As an addition, the row [1, 0, 50], [1, 3, 1] is part of a bigger array (1st row in example), so it should be substituted in-place

([[1, 0, 50], [2, 0, 50], [1, 3.0, 1.0]],
 [[1, 0, 50], [2, 0, 50], [2, 3.0, 1.0]])


([[1, 54, 49], [2, 0, 50]],
 [[1, 0, 50], [2, 0, 50], [2, 3.0, 1.0]])

Thanks!

EDIT:

The functions f_add and f_sub are just examples to illustrate what I want to do and that the change in entries is a result of functions being called. In reality I use slightly more complex functions that carry out a (more) meaningful computation.

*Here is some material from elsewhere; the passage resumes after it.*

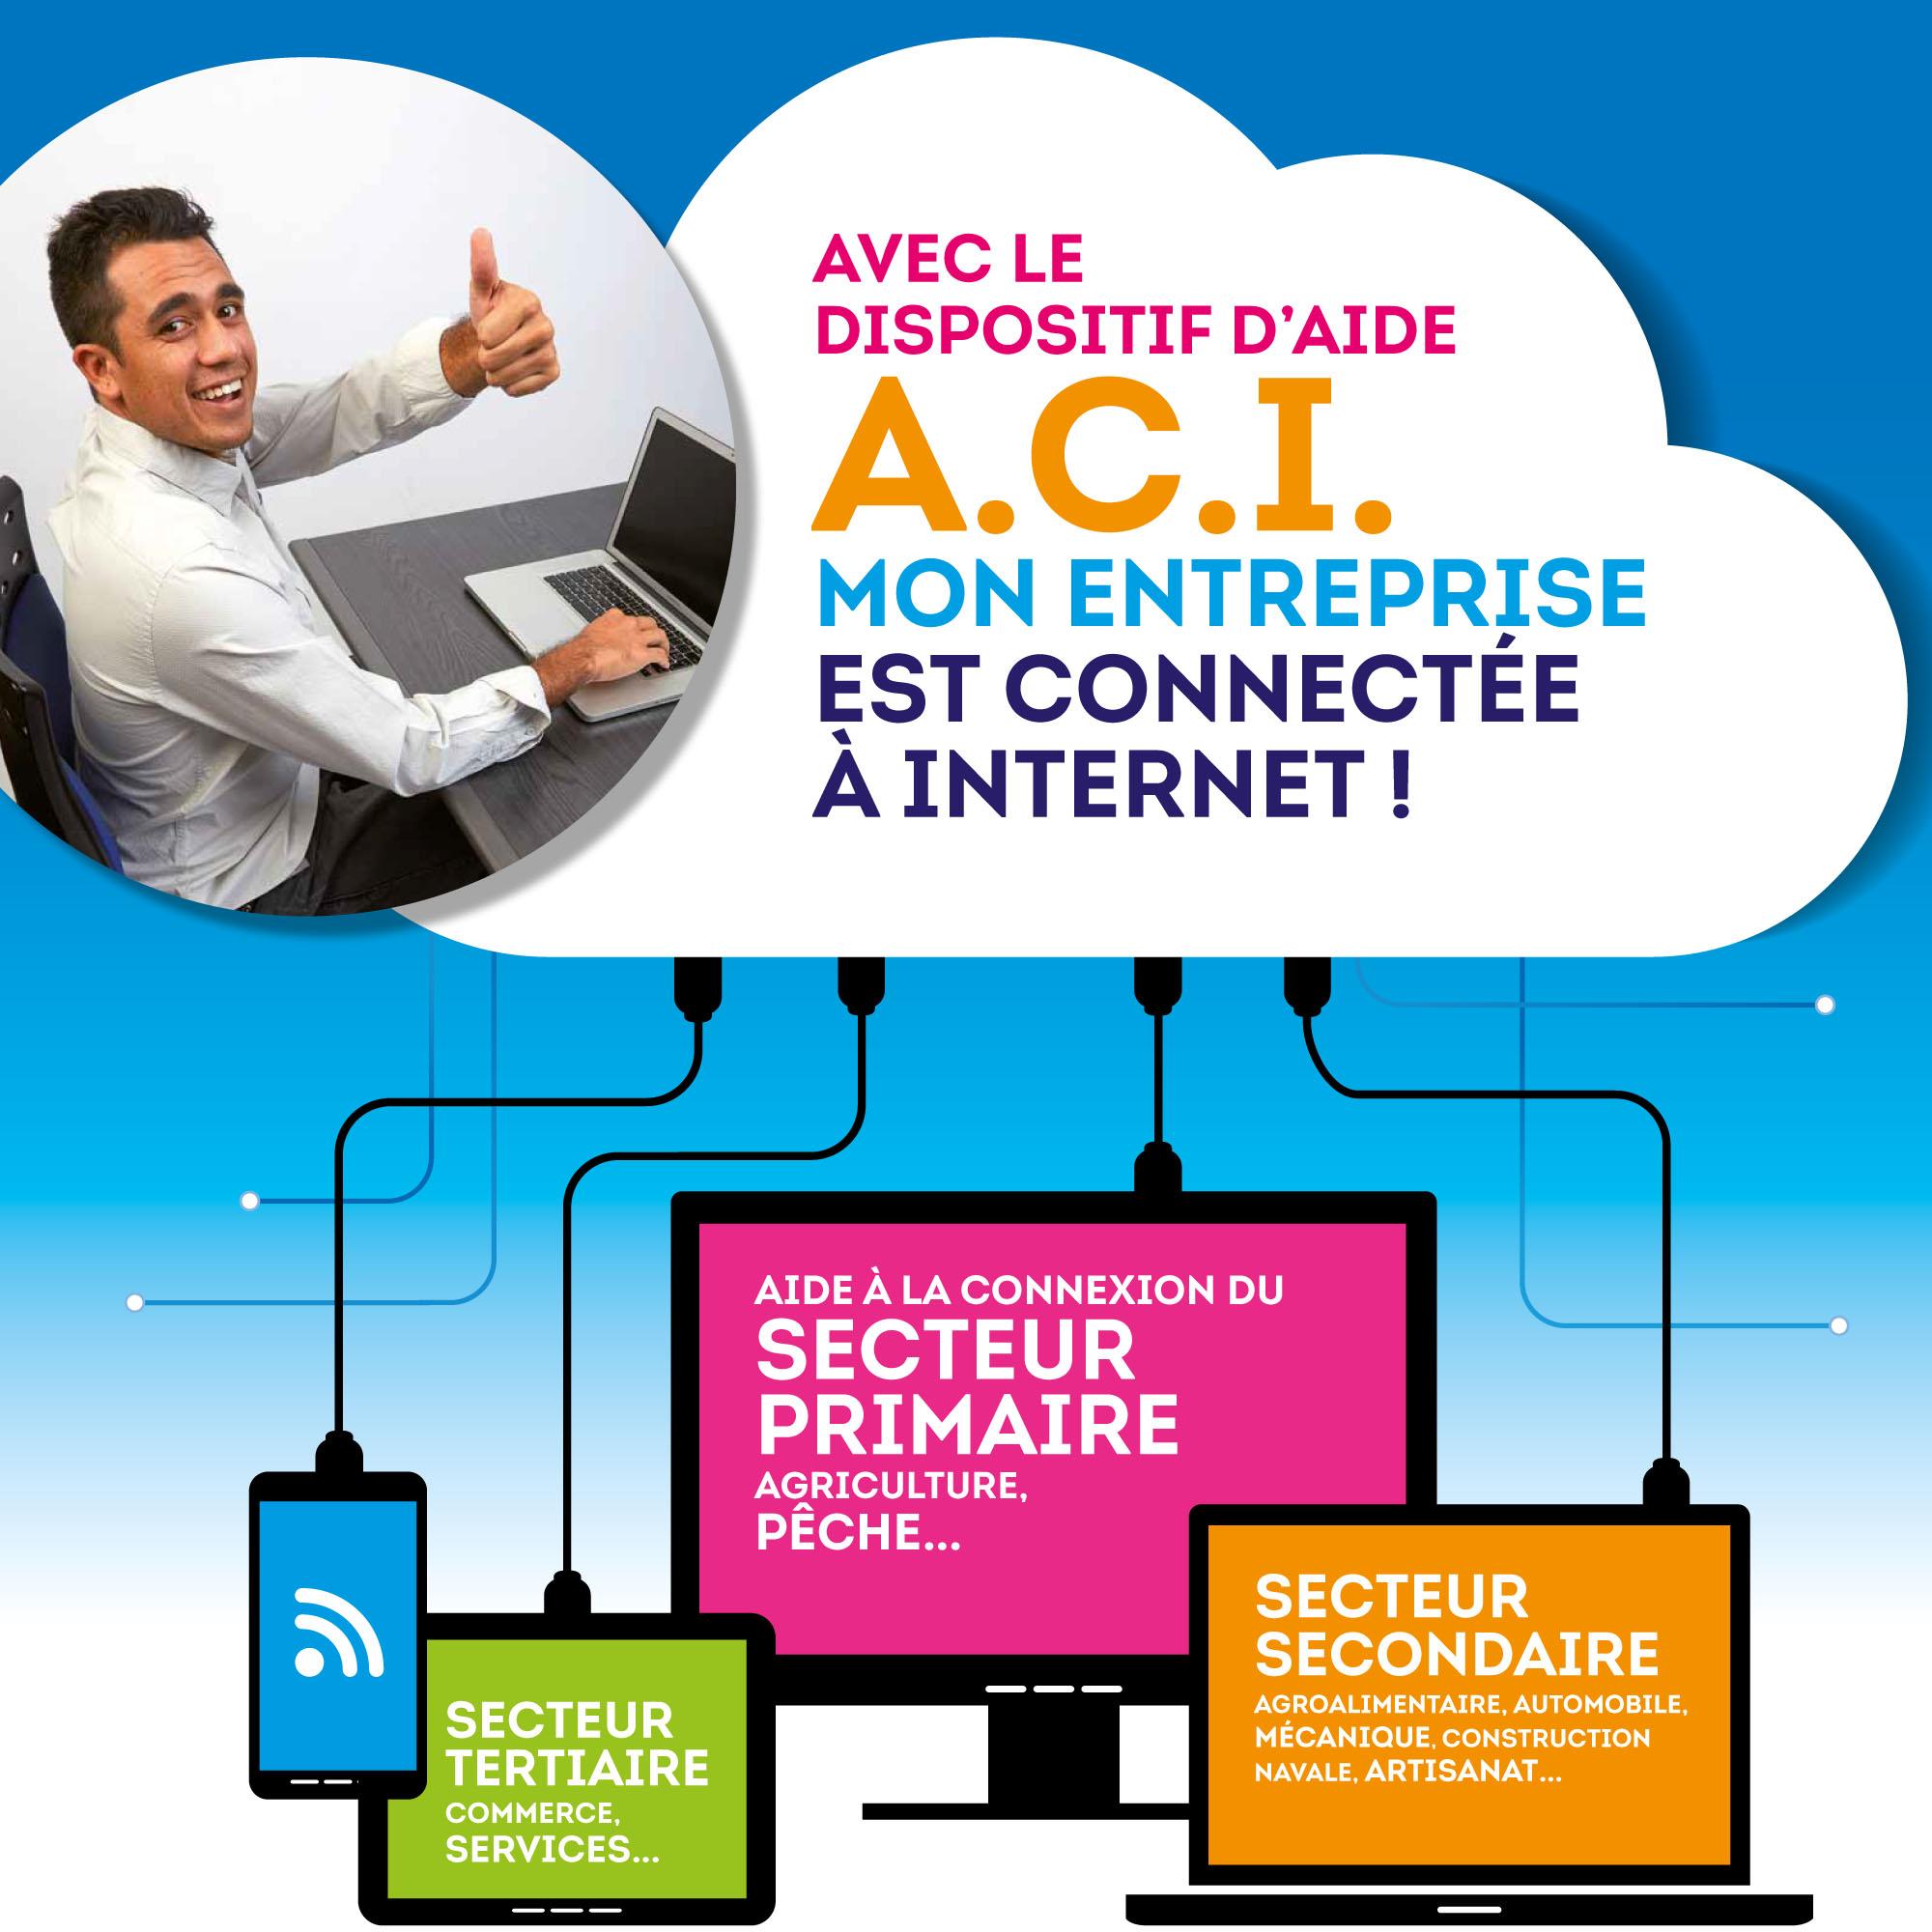 Internet : Une aide allant jusqu'à 200 000 francs pour connecter les entreprises

The second thing is that this substitution should only be carried out on elements where the first entry is the same. So in the first row only [1, 0. 50.] and [1, 3.0, 1.0] merge, while in the second it would be [2, 0., 50.] and [2, 30, 1.0).

In this example, I first wanted to separate the issue of determining which sub-arrays are intended to merge by comparing the indices, but I guess it should be included to be as general as possible.

A more complete example result to the one above would be as follows then:

 ([[1, 0., 50.], [2, 0., 50], [1, 3.0, 1.0]],
 [[1, 0., 50.], [2, 0., 50.], [2, 3.0, 1.0]])

leading to:

([[1, 54., 49.], [2, 0., 50.]],
 [[1, 0., 50.], [2, 54., 49.]])

if you add your current code would be great! – melix Sep 08 '16 at 11:52 — melix, Sep 08 '16 at 11:52

Stephen B · Answer 1 · 2016-09-08T13:10:32.417

0

You can use a generator expression to get this result (assuming there are three subelements for each element of the array):

ar = ([[1, 0, 50], [2, 0, 50], [1, 3.0, 1.0]],
      [[1, 0, 50], [2, 0, 50], [2, 3.0, 1.0]])
ar = tuple([[[x[0][0], sum(x[0][1:]) + sum(x[-1][1:]), x[0][-1]-x[-1][-1]], x[1]] for x in ar])
print ar

([[1, 54.0, 49.0], [2, 0, 50]], [[1, 54.0, 49.0], [2, 0, 50]])

EDIT: Perhaps for a more general solution you can define a function f(x) that performs the desired calculation to elements of an array, and map that function to every row of the array. For instance,

def f(x):
    if (x[0][0] == x[1][0]):
        return [[x[0][0], x[0][1]+x[0][2]+x[1][1]+x[1][2], x[0][2]-x[1][2]], x[2]]
    elif (x[0][0] == x[2][0]):
        return [[x[0][0], x[0][1]+x[0][2]+x[2][1]+x[2][2], x[0][2]-x[2][2]], x[1]]
    elif (x[1][0] == x[2][0]):
        return [x[0], [x[1][0], x[1][1]+x[1][2]+x[2][1]+x[2][2], x[1][2]-x[2][2]]]
    else:
        return x

ar = ([[1, 0, 50], [2, 0, 50], [1, 3.0, 1.0]],
      [[1, 0, 50], [2, 0, 50], [2, 3.0, 1.0]])

print tuple(map(f, ar))

([[1, 54.0, 49.0], [2, 0, 50]], [[1, 0, 50], [2, 54.0, 49.0]])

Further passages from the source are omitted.